For months now, construction crews have been dynamiting, drilling, pumping, excavating and clear-cutting public land. In places like Guadalupe Canyon in far eastern Arizona, simply building roads to bring in construction equipment involved blasting mountainsides and sending the rubble down to clog drainages. Previously wide-open landscapes where wildlife and water could move freely have been severed by the huge steel barrier. The Sonoran Desert’s iconic saguaros, protected by law, have been found lying in heaps next to construction sites.

“This is damage that will not ever be remediated or mitigated,” Serraglio said. “This is permanent.”

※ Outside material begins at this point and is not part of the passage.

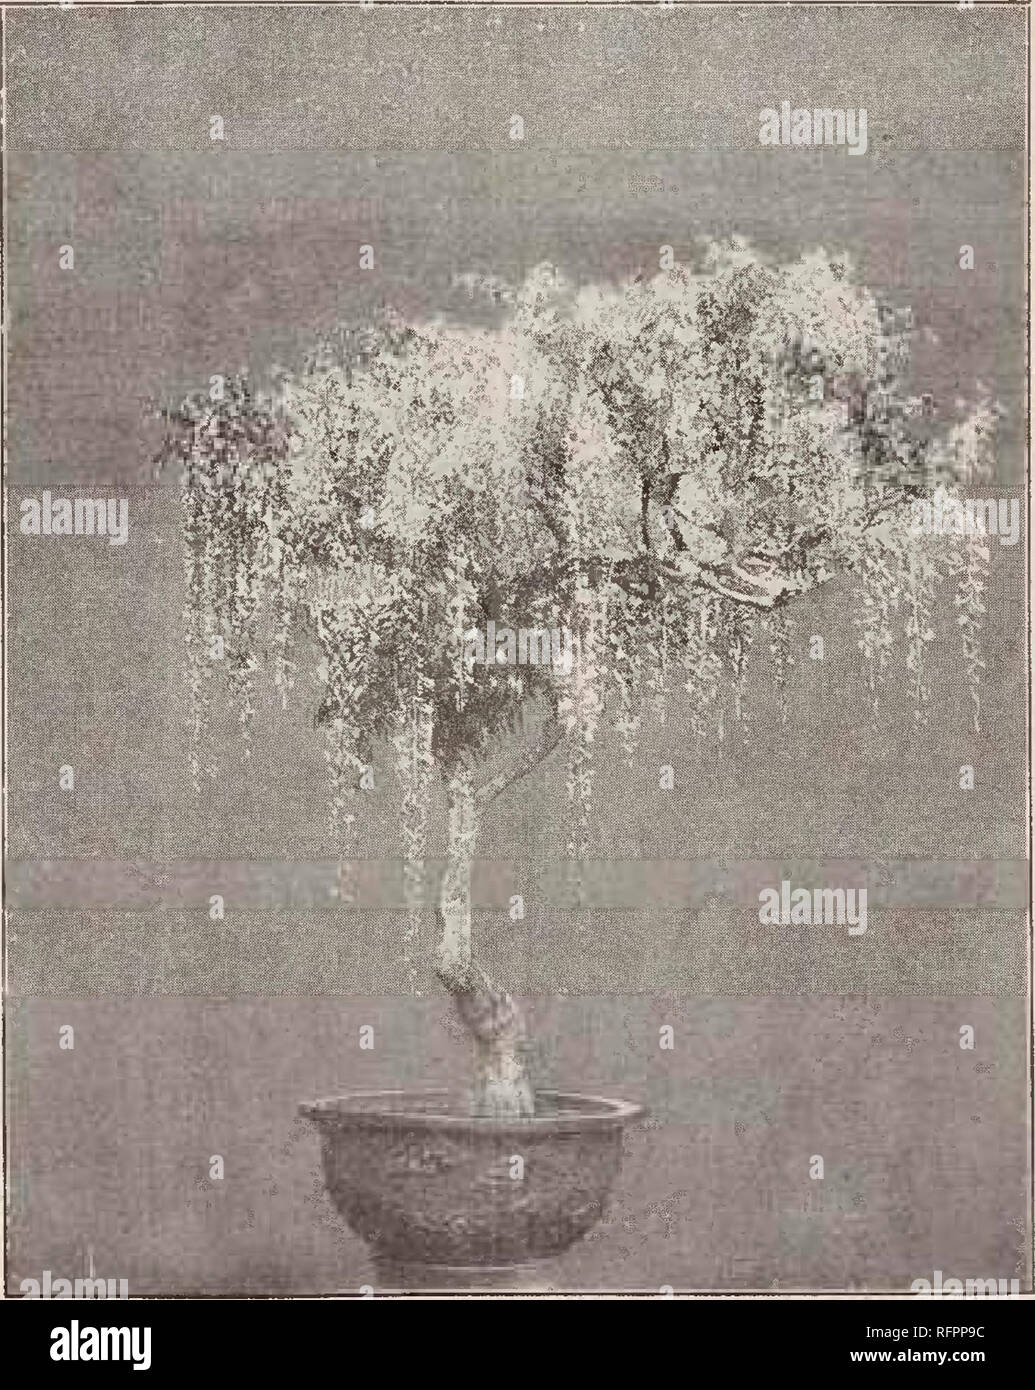 . Descriptive catalogue of the Yokohama Nursery Co., Limited. Seed industry and trade; Flowers Catalogs; Fruit Catalogs; Trees Catalogs; Shrubs Catalogs. 74 CATALOGUE OF THE YOKOHAMA NURSERY Co., Ltd.. (1911). â SHORTIA TJKIFLOKA. Sedum Sieboldi, perennial clustered pink flowers, very fine, J inch across suitable for hanging basketsâper 10, $1.30. Sednm Sieboldi, variegated leavesâper 10, $1.60. Senecio kaempferi, circular lustorous large leaves, yellow chrysanthemum-like flowers, ornamental evergreen per- ennialâper 10, $1.40. Senecio kiempferi, variegated foliage â per 10, $1.60. Simicifuga  Stock Photo

In Guadalupe Canyon, a lush riparian corridor spanning northern Mexico and the Southwestern United States, the U.S. Department of Homeland Security dynamited cliff sides and carved switchback roads up incredibly steep mountains to build a 30-foot-tall border wall.John Kurc

Under the Trump administration, contractors have replaced barbed wire or waist-high barriers with 30-foot-high steel beams, 6 inches wide, with only a 4-inch gap in-between. “Nothing larger than a cottontail rabbit could pass through there,” said Myles Traphagan, Borderlands program coordinator with the Wildlands Network. “So the common wildlife you see along the border, such as javelina, deer, mountain lion, bobcat, bighorn sheep, those are going to be completely impeded by this border wall.”

Traphagan’s organization works closely with ranches in Mexico that prioritize wildlife protection and cross-border migration corridors. He said their game cameras used to capture images of hundreds of animals per month traveling the drainages near San Bernardino National Wildlife Refuge. “But the last few times I’ve been down there, those numbers have just plummeted,” he said.

“This is damage that will not ever be remediated or mitigated.”

Then there’s the impacts of water use: In many places, contractors have pumped water from deep belowground for construction purposes, wetting roads to keep the dust down or to make cement. Because Arizona doesn’t require data on water usage from wells in these areas, there are no hard numbers on how much has been used, but some impacts are already clear.

Quitobaquito is a rare desert spring in Organ Pipe Cactus National Monument, located on the ancestral homelands of O’odham tribes. Despite promises from U.S. Customs and Border Protection that the builders would respect a five-mile buffer around the spring and its pond, hydrologists and ecologists who monitor the site said last year that the pond dropped to its lowest levels in years after pumping began for the border wall. Since February 2020, CBP has withdrawn 45 million gallons of water around Organ Pipe Cactus National Monument. 

Endangered Sonoyta mud turtle tracks dot the drying pond bed in Quitobaquito Springs, Arizona, last June.Ash Ponders

In the southeast corner of Arizona, the San Bernardino National Wildlife Refuge is managed by the U.S. Fish and Wildlife Service. Its artesian-fed wetlands and springs support several threatened and endangered species, including the Yaqui topminnow, Yaqui chub, beautiful shiner and Yaqui catfish. 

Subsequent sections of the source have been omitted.